Admission characteristics and patient outcomes
Comorbidities are calculated by van Walraven Elixhauser score 13 (MIMIC-III) and Charlson Comorbidity Index 14 (MIMIC-IV, eICU-CRD). BMI was computed with the weight and height on admission, for each database.
Hospital-level (e.g., hospital size) and patient-specific admission characteristics (e.g., admission time) as well as patient-specific outcomes (e.g., in-hospital mortality) were recorded for each encounter.
Vital signs
Vital sign data were merged in accordance with Table 1. Temperature, blood pressure (both non-invasive and invasive), heart rate, respiratory rate, and SpO2 were extracted. These data were obtained from the chartevents and nursecharting tables of the original MIMIC and eICU databases, respectively. The prefix “vitals_” is used for each variable of this type, except for SpO2.
Laboratory test values
Common laboratory test values were merged within variable-specific time windows as noted. Measurements of the following categories were pulled: ABG (no prefix), complete blood count (“cbc_” prefix); coagulation (“coag_” prefix); basic metabolic panel (“bmp_” prefix); hepatic function panel (“hfp_” prefix); and other enzymes (“other_” prefix). In the MIMIC databases, all laboratory test data were collected from the original labevents table; in eICU-CRD, data were collected from the labs table.
Hourly SOFA scores
To characterize organ dysfunction and severity of illness, sequential organ failure assessment (SOFA) scores were used.15 SOFA scores for each dataset were calculated hourly. SOFA scores were extracted in the hour prior to the ABG to ensure that the latter has no impact on characterizing underlying organ dysfunction and thus avoid reverse causation (“sofa_past_” prefix). To quantify the impact of hypoxemia on organ dysfunction, subsequent SOFA scores were also extracted 24 hours after the ABG (“sofa_future_” prefix).
In the MIMIC databases, the publicly available derived table with hourly SOFA scores were used. In the eICU-CRD, we used an auxiliary query created by our team.
Data storage
The preprocessed dataset, meeting the defined inclusion / exclusion criteria, is stored on PhysioNet as a single comma separated value (CSV) file.
Descriptive analytics and technical validation
We now present the methodology followed to support the criteria we set to select patients and clean the data.

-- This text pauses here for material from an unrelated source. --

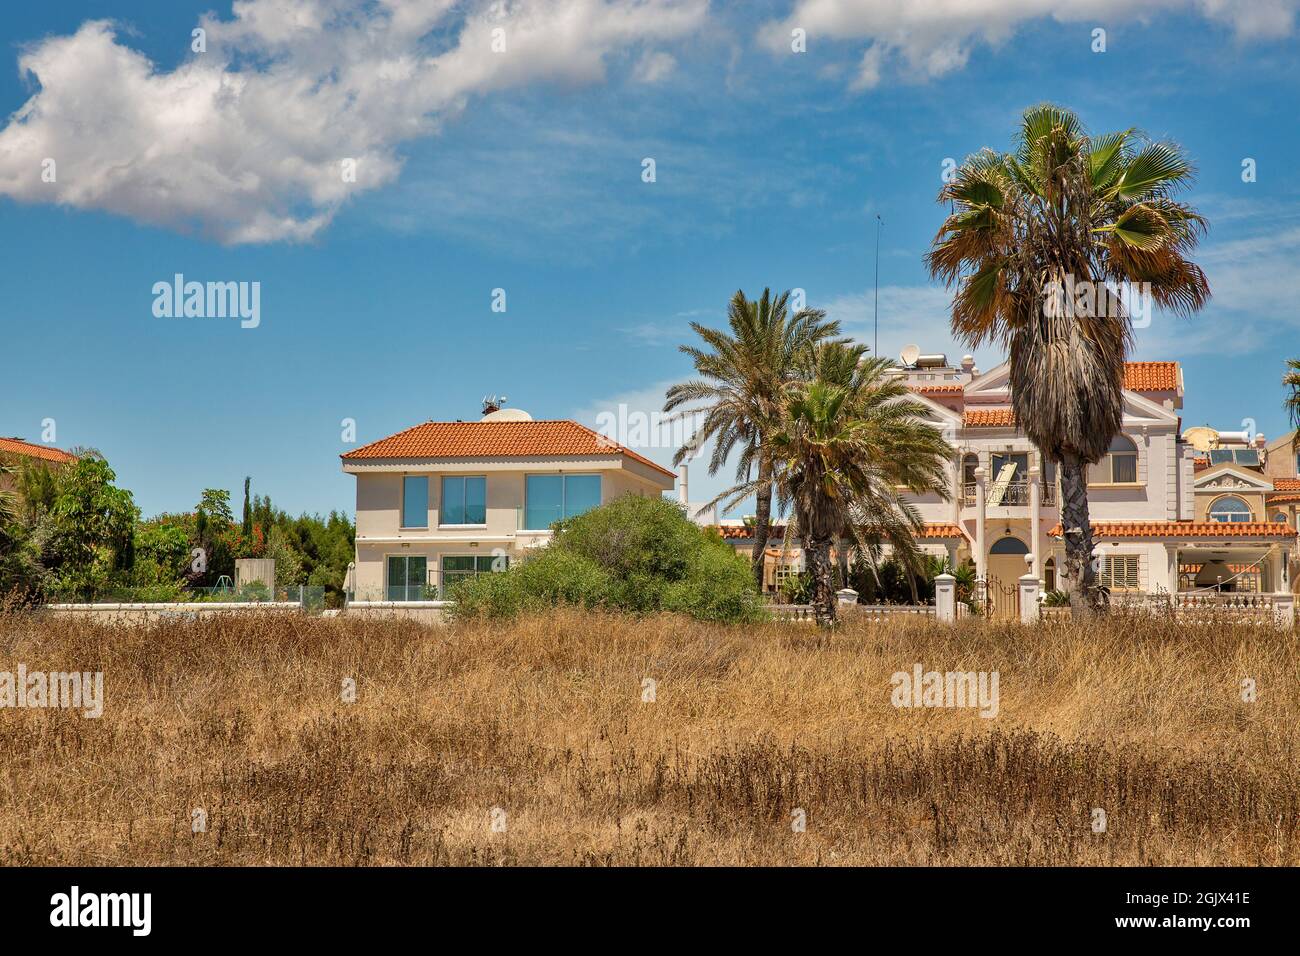 Landschaft mit typisch zypriotischer Wohnarchitektur in Ayia Napa, Zypern. Stockfoto

Flow diagrams depicting the application of inclusion and exclusion criteria to select our cohort were created and analyzed. At each exclusion step, we analyzed the composition of the patients who are dropped in terms of demographics.
We created descriptive tables highlighting patients’ characteristics across source databases; race and ethnicity; and hidden hypoxemia – when SpO2 ≥ 88% but SaO2< 88%, as defined by Wong et al. 2 The tableone package was used. 16
We employed Modified Bland-Altman plots, based on the methodology proposed by Wong et al. 2, to evaluate the agreement between SaO2and SpO2 measurements. We assessed the calibration performance across two different time window sizes — 5 and 30 minutes — to justify our final selection of a 5-minute window. Moreover, we conducted separate analyses across racial and ethnic groups to highlight disparities in calibration accuracy.
Oxyhemoglobin dissociation curves 17 are also reported as a referential integrity of our ABG data. To verify the existence of left and right shifts, we plotted, in different colors, the pairs with pH in the 90th and 10th percentiles, respectively.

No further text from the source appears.